They topped him up. There were two ice cubes in the bucket, and they gave him both. He refused the cool water in which they’d been floating. “Give me a moment,” he said.

He slid the documents closer to the yellow glow of the candle and pored over them. Siri and Daeng held hands and enjoyed the warmth of the blankets they were wrapped in. Siri’s cough had become a permanent wheeze.

“Very well,” said Civilai, at last, holding out his glass like a fortune teller who refused to divulge the future without having his palm crossed with gold. They topped him up again. “We have inconsistencies,” he said.

“Good,” said Daeng.

“It occurs to me that the volume of the order far exceeds the needs of the job.”

“What do you mean?” Daeng asked.

“Well,” said Civilai, “let’s assume that a typical road is six meters wide. We’ll give them the benefit of the doubt and say eight. And let’s give them an extra meter on either side to help divert any water flow. That means they’d need maximum ten meters of concrete piping from one side to the other. Here, they’ve ordered twenty meters per job.”

“Couldn’t they have laid two lanes of piping?” Siri asked.

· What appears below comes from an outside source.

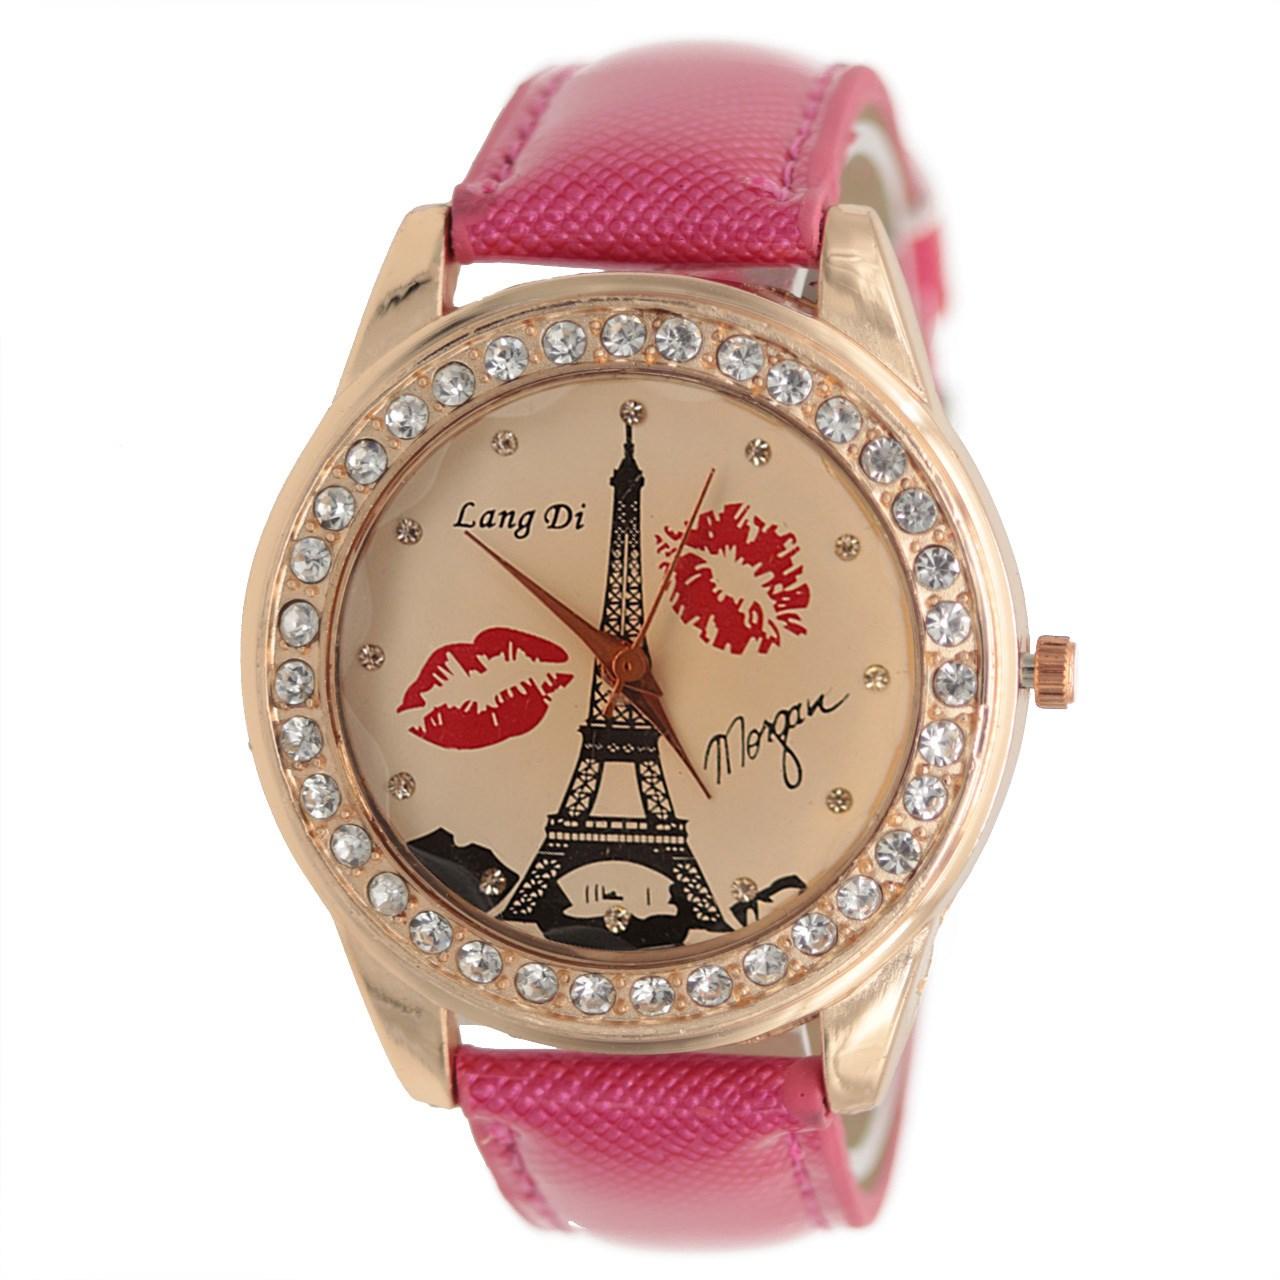 ساعت مچی عقربه ای زنانه لانگ دی  مدل LD1148
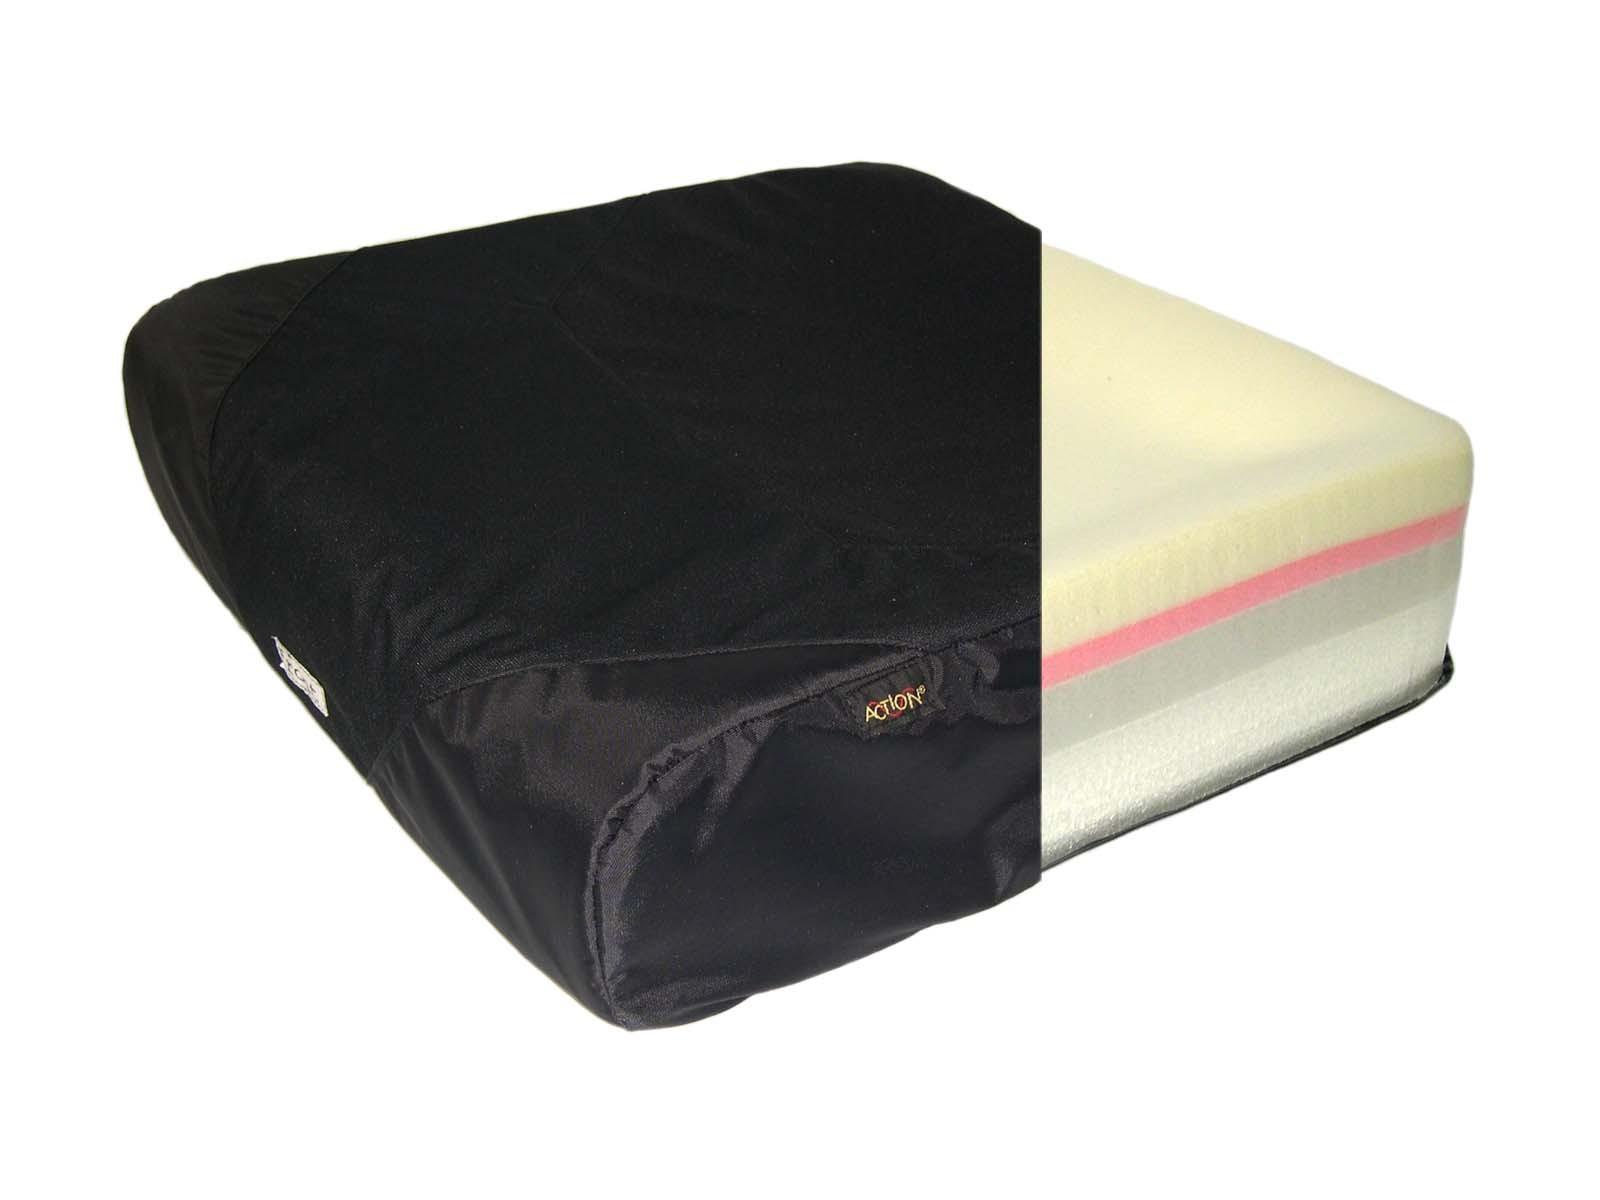 Wheelchair Seat Cushions Product : Xact soft cushion wheelchair cushions home medical

“Of course they could, little brother. But did you notice any double lanes of piping on any of the roads we’ve been on this past week?”

“You’re joking.”

“You did?”

“No, I mean, you’re joking if you think I might have noticed pipes on our road trip.”

“I don’t think he’s joking, Siri,” said Daeng.

“Civilai?”

“Observation,” said the old politburo man. “When you balance budgets, you have to keep an eye on where the money’s going. Things like public address systems and paving stones and pipes. You have to keep your eyes open. If you don’t, there’ll always be someone waiting to rip you off. Look at how much cement they put in for. There’s enough to build a full-size replica of the Taj Mahal.”

“So you’re saying that they over-ordered so they could sell the surplus?” said Daeng.

“Given the Neanderthal conditions up here in 1976, I’d say buyers for stolen building supplies would have been few and far between,” said Civilai. “But let’s keep that as one option.”

“Then perhaps that’s why the team leader changed personnel so often,” said Daeng. “So nobody would notice the oversupply.”

“So let’s look at the two names on the worker list that are ever present,” said Civilai. “And assume that they’re the ones in on the scam. The top one here—Gwan Jin—would have to be the team leader. This other one—Gwan To—has the same surname, so he might be a relative.”

“Gwan Jin is on the same salary as the others,” said Daeng. “Wouldn’t the team leader be on a higher rate?”

“The Chinese reds like to give the impression everyone’s equal. Bosses and bottom-feeders on the same salary. The foreman wouldn’t complain if he was milking the project and banking the profits.”

“I don’t buy any of this,” said Siri. “Back then, the Chinese had checkpoints all the way to the border. The only roads in and out were the ones they were building or maintaining.
They’re not going to let their road crews drive through with truckloads of pilfered building supplies.”

“I agree,” said Civilai. “I think the only way to sort this out would be to go to one of the sites.”

“The bullet could be a warning for us not to get too close,” said Daeng.

“I think it’s too late for that,” said Civilai. “What the …?”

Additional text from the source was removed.